Is the implementation of MNN runtime so different for Arm and x86 that it is expected to see such behaviour? Because the numbers being so different feels like that I am not using it correctly, or there is a bug? Attaching the testScript again for reference
import MNN
mnn_model = 'mosaic.mnn'
net = MNN.nn.load_module_from_file(mnn_model,[],[]);
input=MNN.numpy.zeros([1,3,224,224],dtype=MNN.numpy.float32)
#input=MNN.expr.convert(input,MNN.expr.NC4HW4)
output=net.forward(input)
output = MNN.expr.convert(output,MNN.expr.NCHW)

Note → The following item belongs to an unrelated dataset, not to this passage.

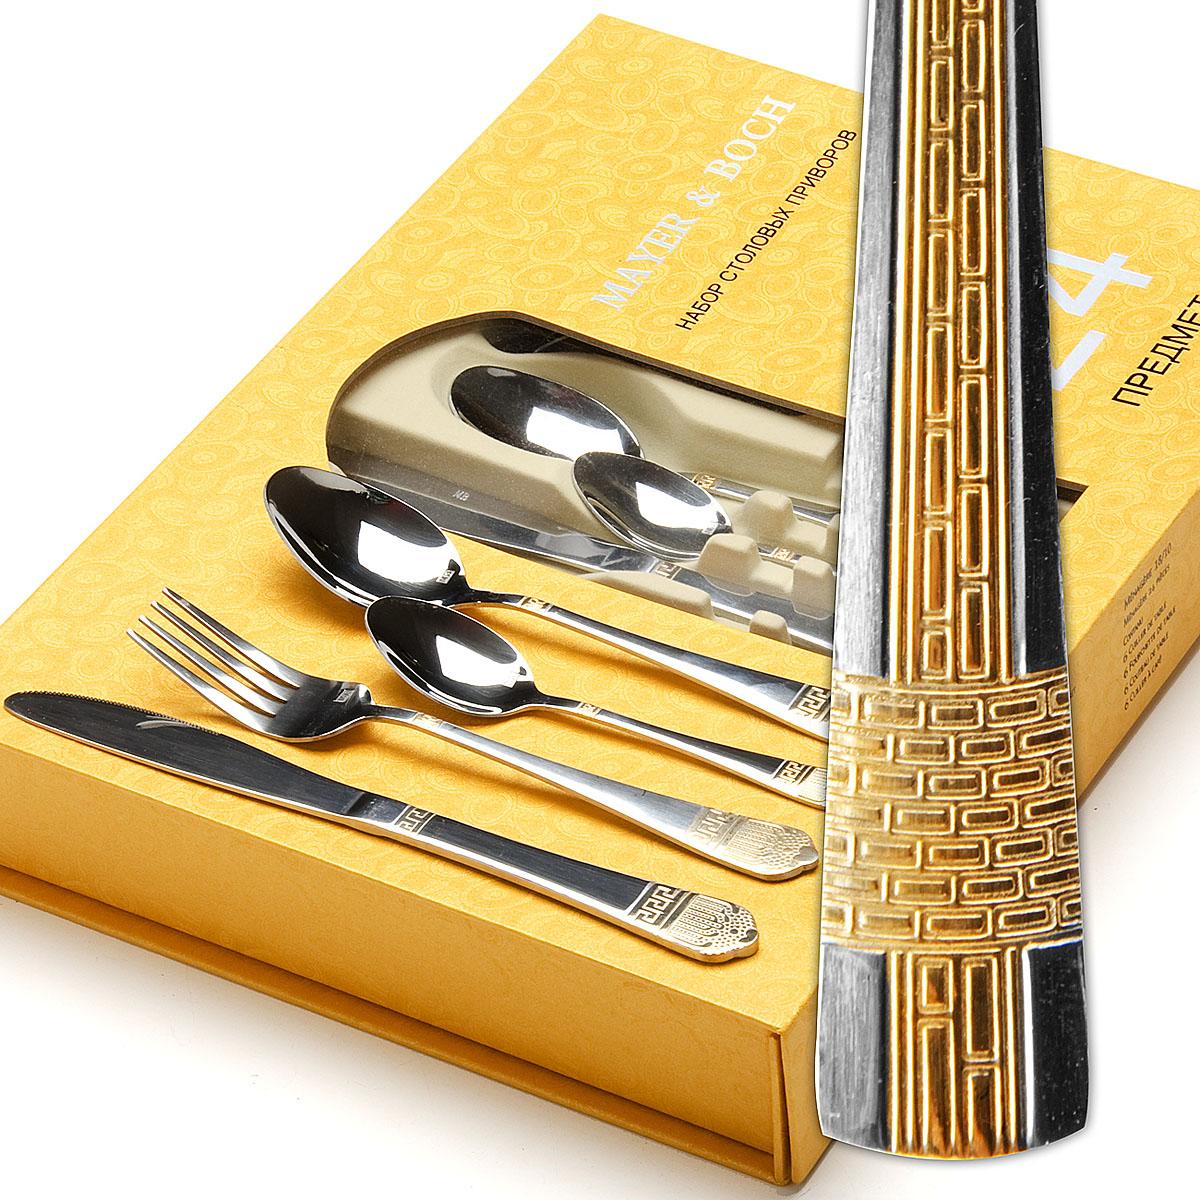 Набор столовых приборов Mayer&Boch, 24 предмета 2645026450Набор столовых приборов MAYER&BOCH на 6 персон выполнен из высококачественной нержавеющей стали, ручки приборов имеют глянцевую полировку и декорированы изящным золотым орнаментом. Набор из 24-х предметов включает в себя: 6 столовых ложек, 6 вилок, 6 ножей и 6 чайных ложек. Благодаря качественной полировке, изделия сохраняют прекрасный внешний вид на долгое время. Набор обладает не только оригинальным дизайном, но и практичностью, так как изделия из качественной нержавеющей стали имеют высокую прочность, устойчивость к коррозии, кроме того, нержавеющая сталь экологична, она не меняет вкусовые свойства еды, потому как не вступает в реакцию с ее компонентами. Упакованный в красочную подарочную коробку такой набор безусловно станет прекрасным подарком для любой хозяйки и украсит ваш праздничный стол.

print("######################## MNN Output##############################")
print(output)
print('#################################################################')
print("")
import onnxruntime as ort
import numpy as np
onnx_model='mosaic.onnx'
model= ort.InferenceSession('mosaic.onnx')
output=model.run(None,{'input1':np.zeros([1,3,224,224],dtype=np.float32)})
print("######################## ONNX Output##############################")
print(output)
print('#################################################################')
np.zeros() and np.ones() isn't valid input for this model because of instancenorm. It will result to compute sqrt(0.0 + 0.000000000001) , thus cause [Disparity]
Marking as stale. No activity in 60 days.